Here’s a piece of gear most parents are very familiar with: the infant swing. Do you have one of these? If so, then you know first-hand how nice it can be to settle your baby snugly into his swing, turn it on, and then walk away as your little one is gently rocked to sleep. Win!
Of course, your baby may not be a fan of the swing; not every baby is! But if you have a swing-lover at home, chances are you’ve put your baby in the swing for naps at least a few times. Naps tend to be fussier times of the day for infants, after all, and many parents reach a point at which they’re willing to try anything to make naps easier.
Enter the swing.
But is this a good idea? Should you let your baby take naps in the swing? That’s the topic we’re tackling in today’s post.

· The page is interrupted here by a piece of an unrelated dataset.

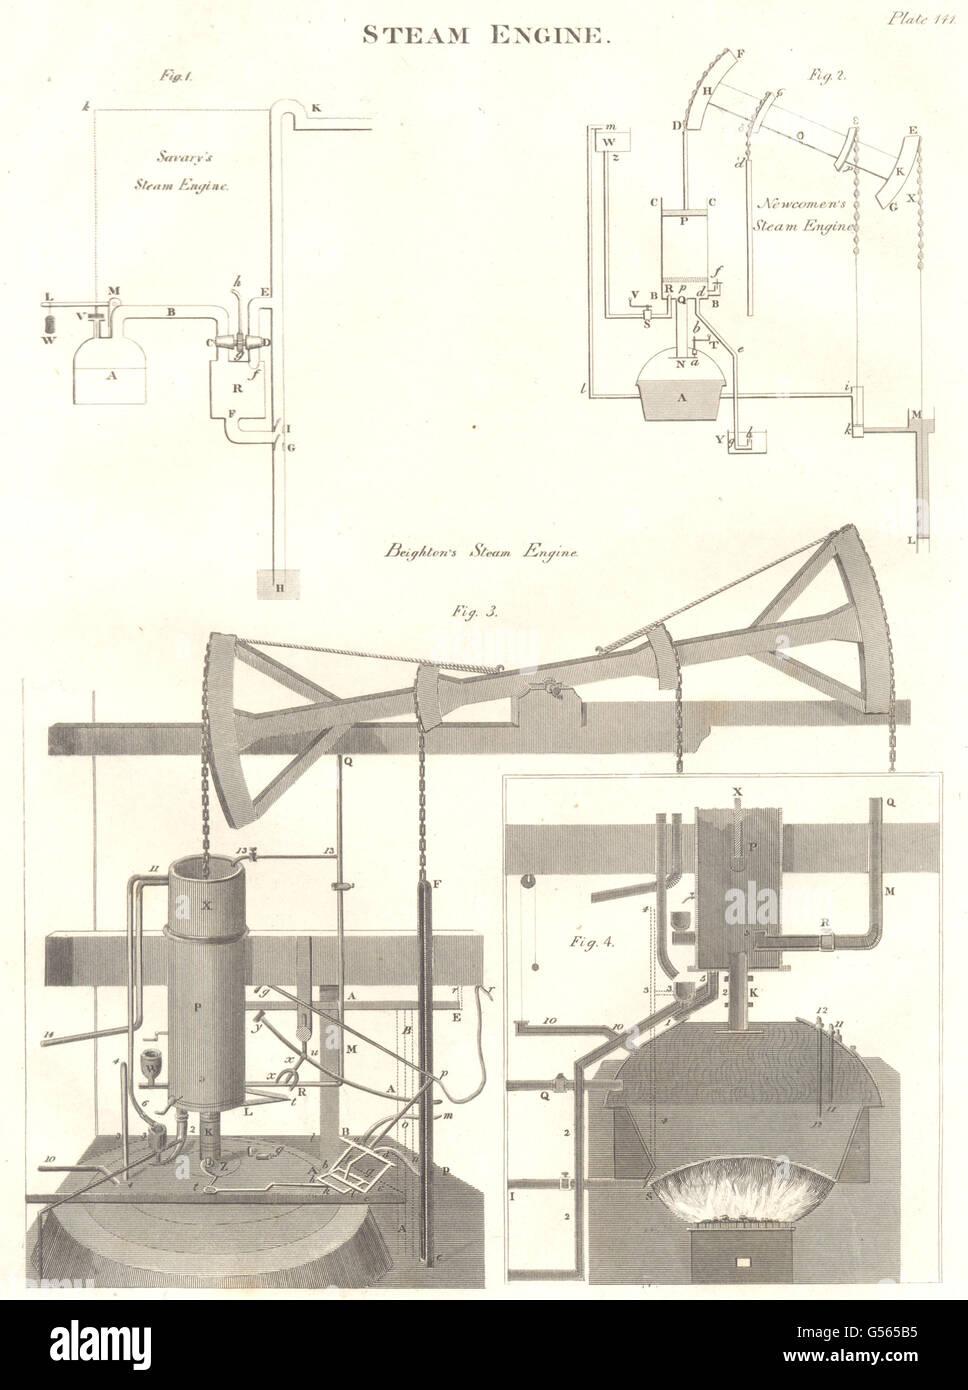 medium resolution of steam engines savary s newcomen s beighton s steam engines old print 1830

Safety First: No Prolonged Sleep or Unsupervised Sleep in the Swing
Convenience is important for parents, but the safety of our babies takes first priority. So first, let’s address the safety concerns surrounding letting your baby sleep in the swing.

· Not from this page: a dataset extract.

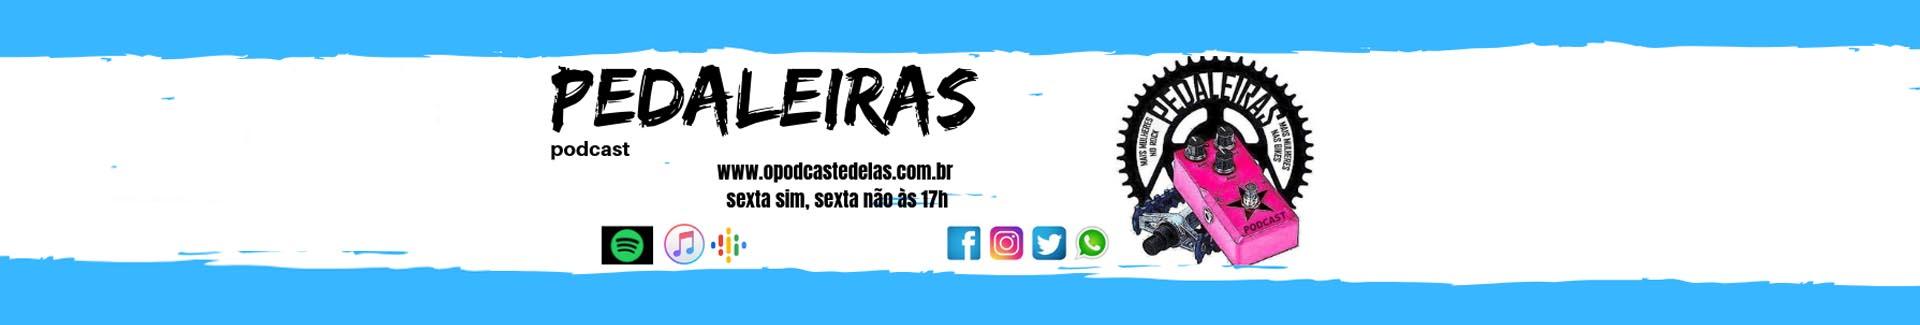 banner-pedalada

Here’s the general rule to remember: it’s not safe to let your baby sleep in the swing for prolonged periods of time, especially if your baby is unsupervised. The American Academy of Pediatrics released new guidelines in 2011 which advised parents to avoid using baby swings as sleep aids.
According to the AAP, sitting upright for long periods of time (in a swing, for example, or in a carseat) can make it hard for babies to breathe well, and that can lead to an increased risk of SIDS.
For these reasons, it’s probably best not to let your baby sleep in the swing at night. However, some short periods of supervised swing-napping during the day are considered safe (provided you strap your baby into the swing tightly, and that you don’t put any loose blankets, pillows, or stuffed animals in the swing with your baby.)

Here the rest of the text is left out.